2. The marketing mixes differ from those for women in the following ways:

  • packaging - often women's creams are small jars placed inside bigger boxes; men would most likely be suspicious and want to see the actual product
  • location in stores - men's facial creams are placed among furnishings and other "male" products. One company has a "men's skin-care cave" complete with TV, free wireless internet and coffeemakers.
  • prices are lower for similar products for men as those for women 
  • products are in full sight for men
  • displays for men's grooming items with samples are set up apart from traditional health and beauty aisles.

3. Two socio-cultural, personal, and psychological influences upon the behavior of consumers discussed in this report:

  1. With more emphasis upon personal appearance and aging for men as well as for women, more men are using anti-aging products as they become concerned about losing jobs to younger or better-groomed men. Younger men are using them to appear well-groomed to their co-workers, who are often women.
  2. More men are shoppers now and, thus, see the products that are available to them. They also have advertisements available to them via Internet and other sources that they watch.
  3. With more women who are in the working world, against whom men must often compete, men have come to realize the importance of being well-groomed.

4.  Two ideas for marketers of grooming products to successfully pursue the male market.

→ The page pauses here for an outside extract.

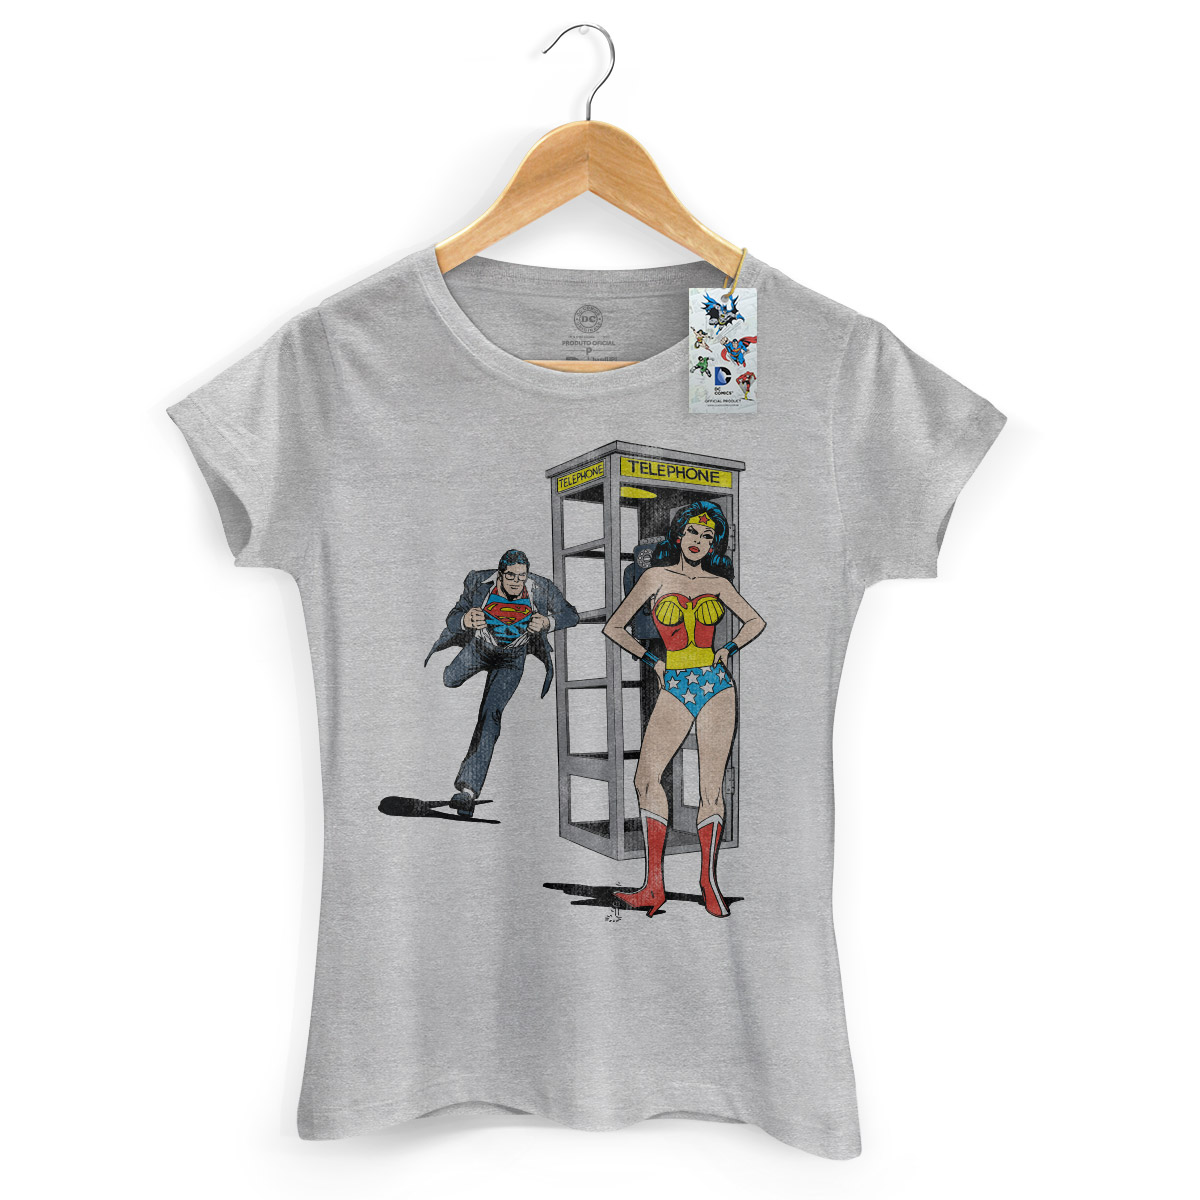 Camiseta Feminina Wonder Woman Telephone

  1. Placement of skin care, especially facial lotion for wind burn or exposure to the cold in sections of stores such as Bass Pro Shop or Cebela's. The lotion by the hunting supplies, clothing, etc. could be in a camouflage bottle so "your buddies won't even know."
  2. There are now exclusively male barbershops in the old-fashioned sense. In these new shops, men can purchase beers and snacks while they wait. A section of grooming products there could include male skin care marketed in a barbershop stripe motif, perhaps, shaped like the bottles of products that the barbers themselves use on the freshly-shaved customer.